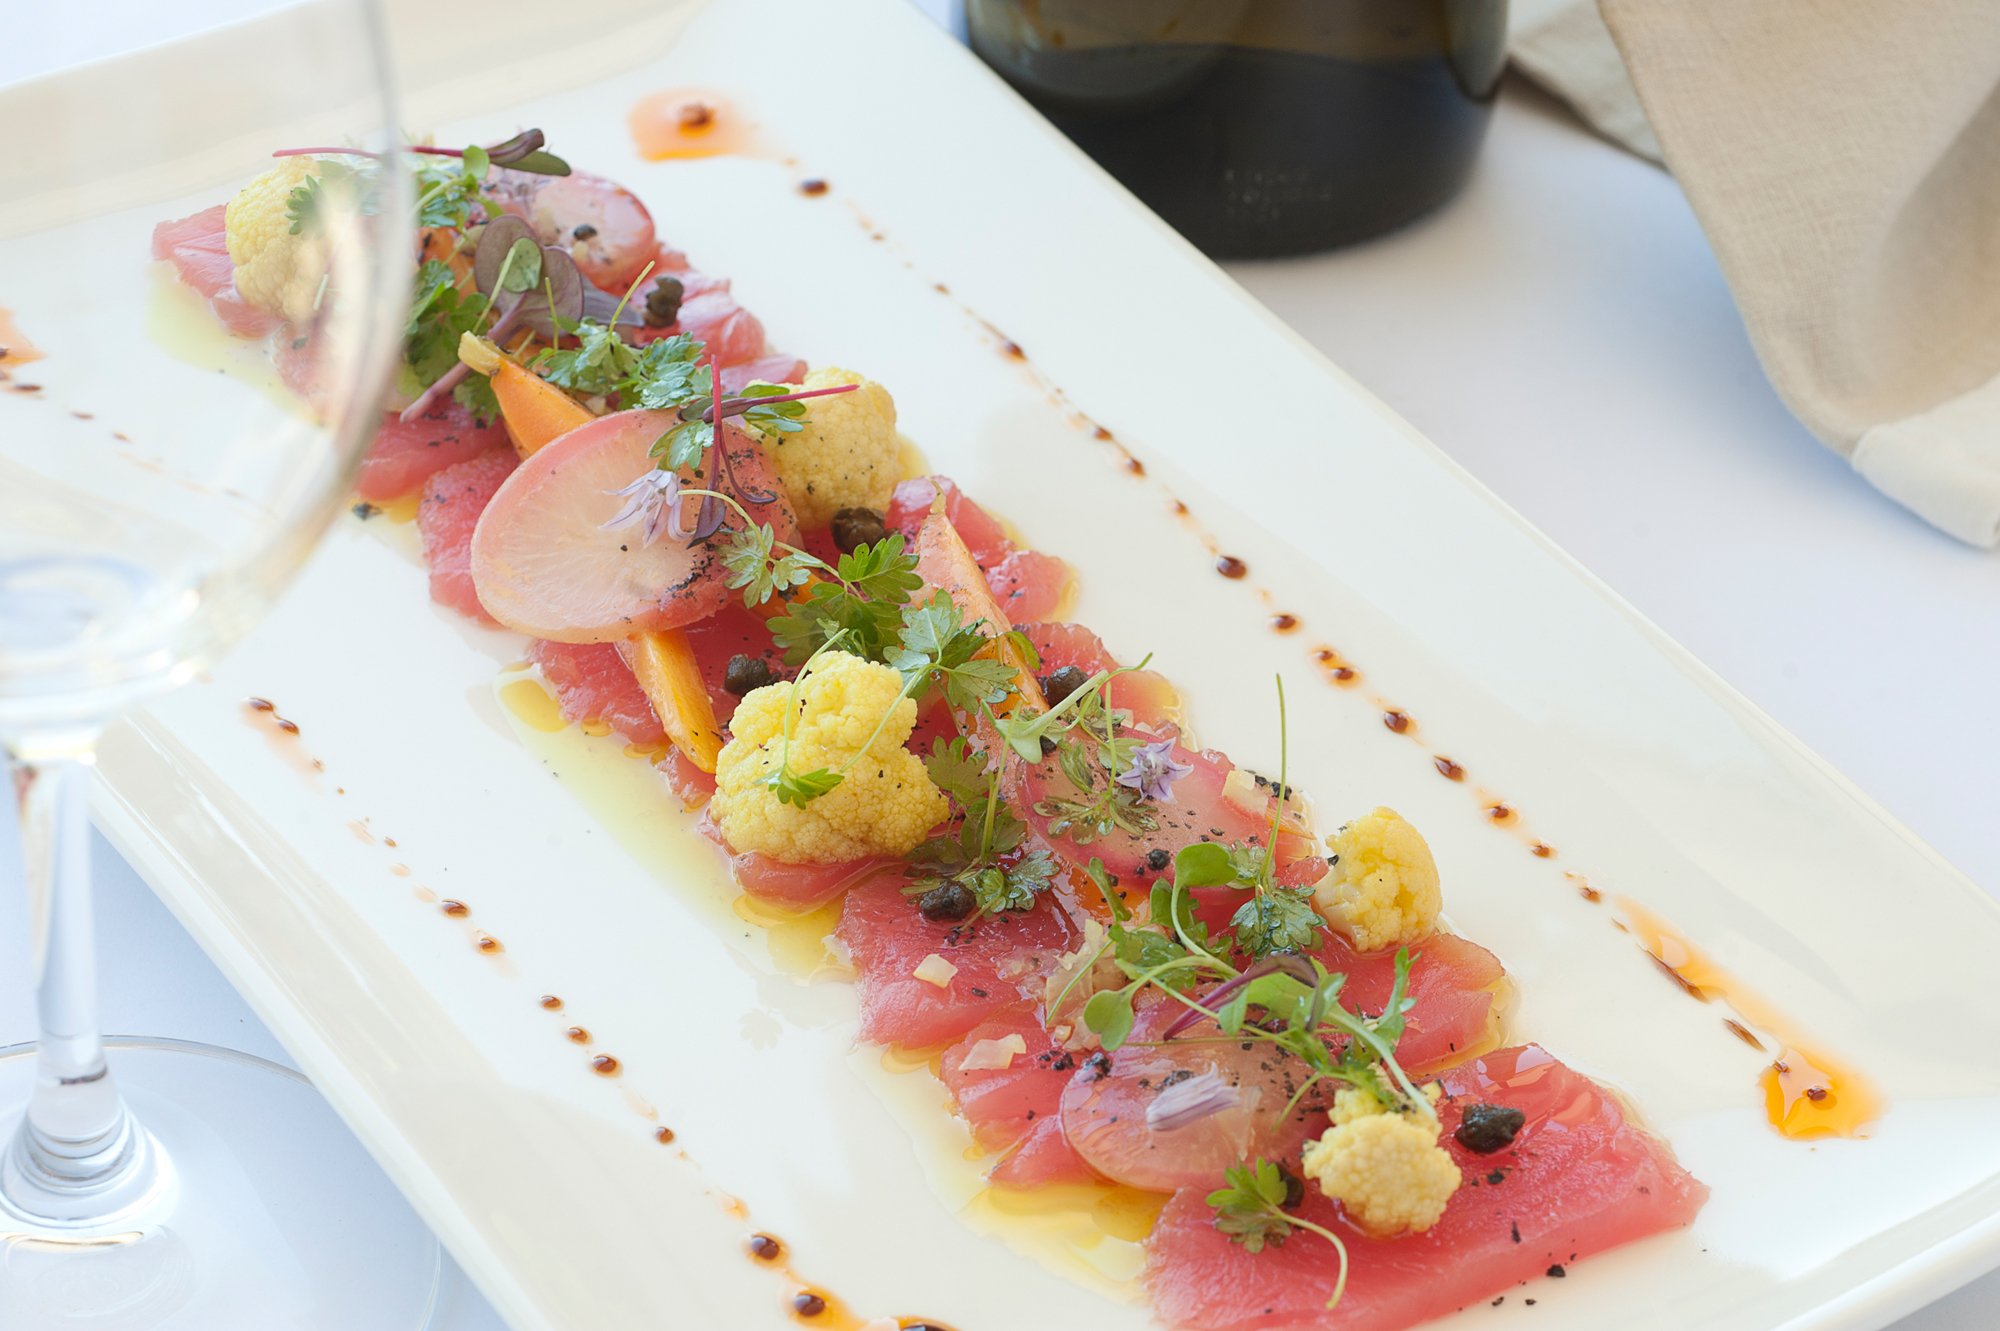 Carpaccio of Kingfish with Picalilli, capers and white balsamic dressing
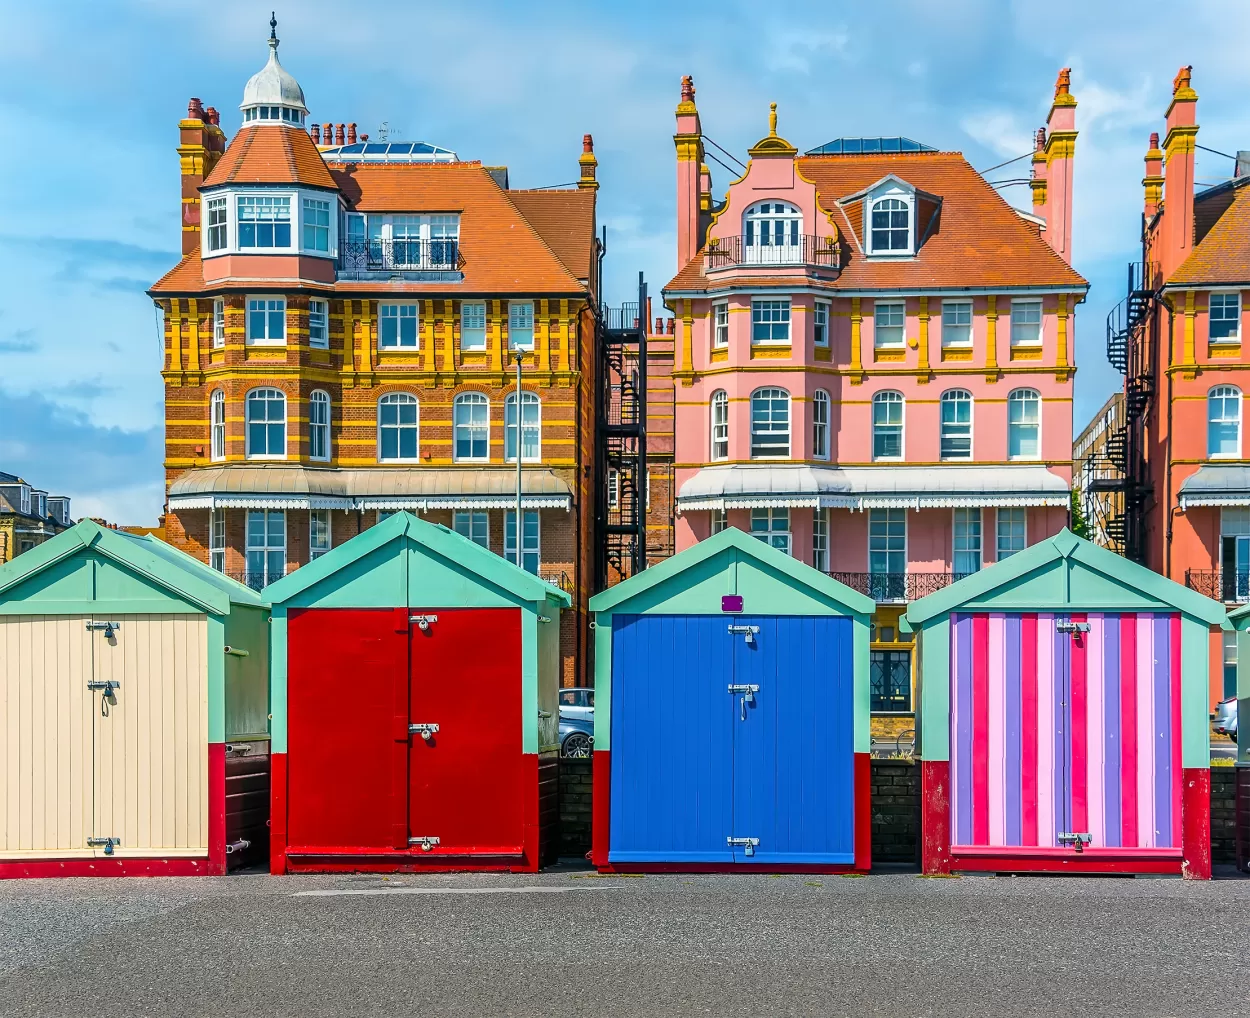 A view of five brightly painted Brighton beach huts which run along the promenade. Behind are three identical looking houses which look very grand, and which, today, will house a number of individual apartments. The sky in the background is very blue.
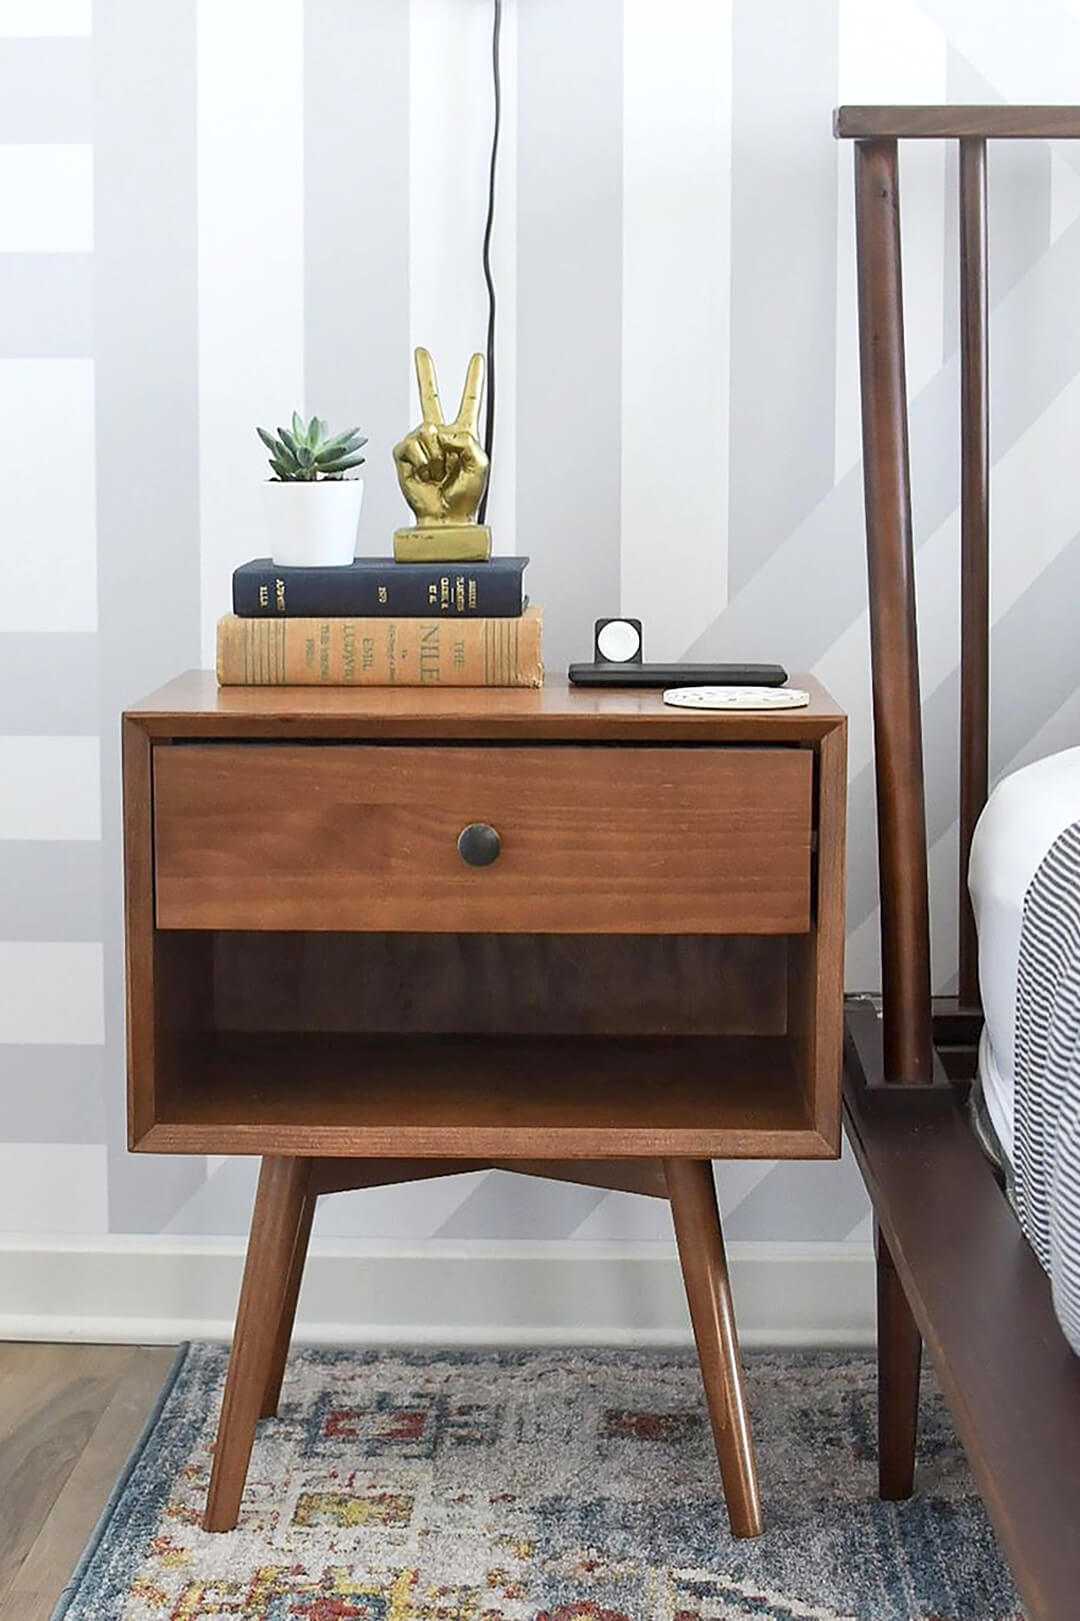 Mid century modern bedroom with dark wood nightstand, vintage books, light bed linen and black industrial wall sconces

YOUR ASSIGNMENT -> Restate the data above verbatim, skipping every image.

COMPLETED TASK ->
 Carpaccio of Kingfish with Picalilli, capers and white balsamic dressing
 A view of five brightly painted Brighton beach huts which run along the promenade. Behind are three identical looking houses which look very grand, and which, today, will house a number of individual apartments. The sky in the background is very blue.
 Mid century modern bedroom with dark wood nightstand, vintage books, light bed linen and black industrial wall sconces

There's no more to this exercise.